Factorial invariance analysis:
Once the first-order baseline model was established across French, Spanish, and US samples, a multigroup CFA was then used to test for factorial invariance. First, the French and US samples were compared, followed by the Spanish and US, and, lastly, the French and Spanish. We used the increasingly restrictive hierarchical approach to factorial invariance, whereby we started with an unconstrained model, other than holding the pattern of factor loadings identical as a test of configural invariance (
Bontempo and Hofer 2007;
Meredith and Teresi 2006;
Widaman and Reise 1997). If configural invariance was established, we added the constraint of equal factor loadings as a test of weak invariance. If weak invariance was found, we added the constraint of equality of intercepts as a test of strong invariance. Lastly, if strong invariance was concluded, we tested for strict invariance by additionally holding the indicator residuals to equality across samples. Configural invariance was supported by fit indices showing a CFI, TLI, and Gamma-hat greater than 0.950 and an SRMR of less than 0.080 (
Hu and Bentler 1999;
Marsh et al. 2004). Evidence for weak, strong, and strict invariance would be supported by changes in CFI or TLI of not greater than 0.010, change in RMSEA of less than or equal to 0.015, or changes in SRMR less than or equal to 0.030 (
Chen 2007;
Cheung and Rensvold 2002;
French and Finch 2006). However, poorer measurement quality, for example, the magnitude of the factor loadings, has been shown to lead to worse data-model fit and, as such, the quality of measurement was also considered when testing invariance across groups (
Kang et al. 2016).
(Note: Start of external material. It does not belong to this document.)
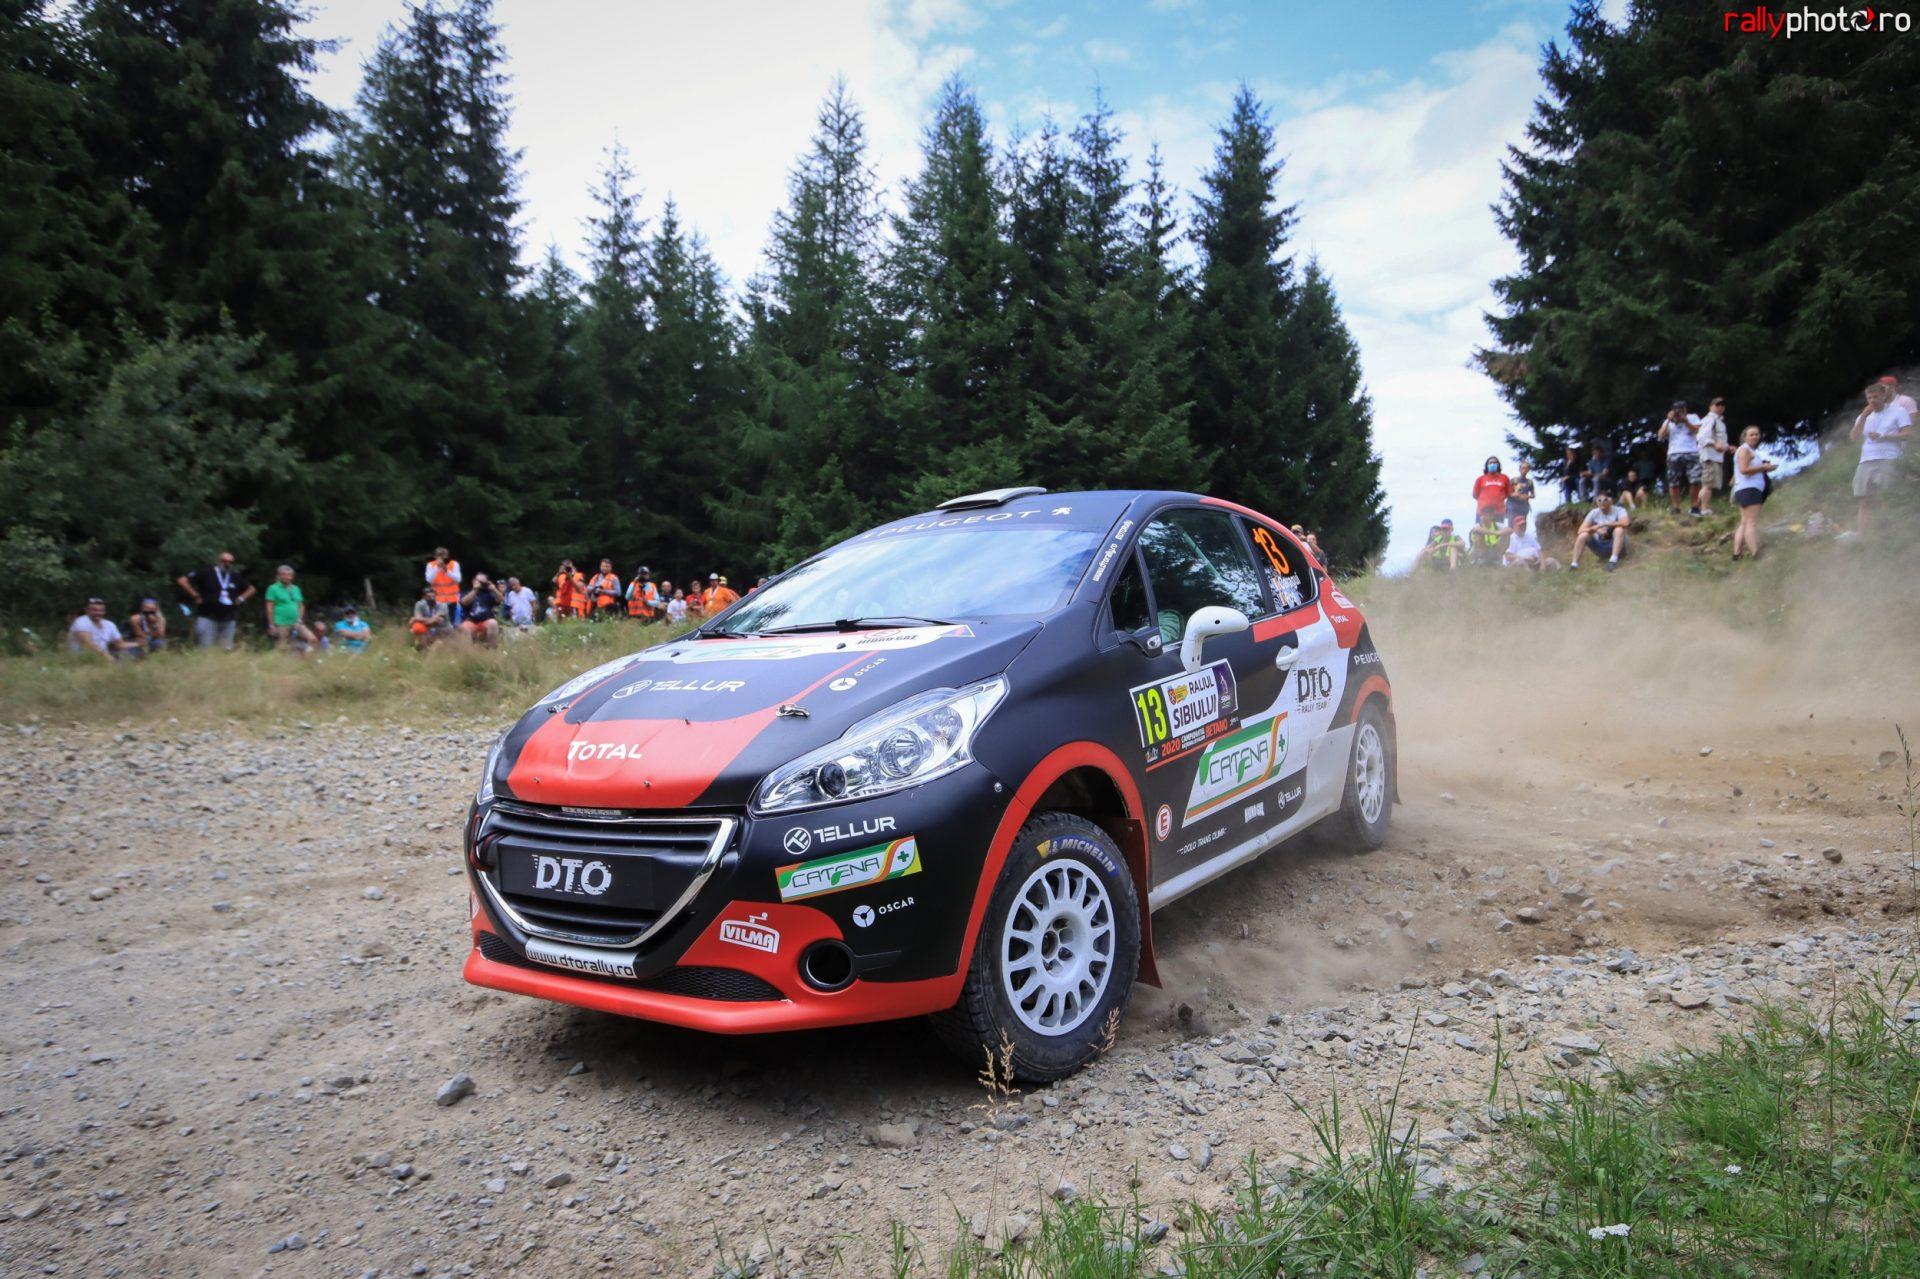 Podium pentru DTO Rally Team la revenirea Sibiului pe macadam

Further, strict factorial invariance, which assumes equivalent residual variances across groups, may be overly restrictive and is unnecessary for construct generalization (
Horn and McArdle 1992). Next, structural invariance was investigated across the three pair-wise comparisons. Additional constraints were placed on the strict invariance model, first, equality of factor variances; second, equality of factor variances and factor covariances; and, last, equality of latent means (
Widaman and Reise 1997). Loss of model fit was compared to the strict invariance model using the same criteria for the assessment of factorial invariance.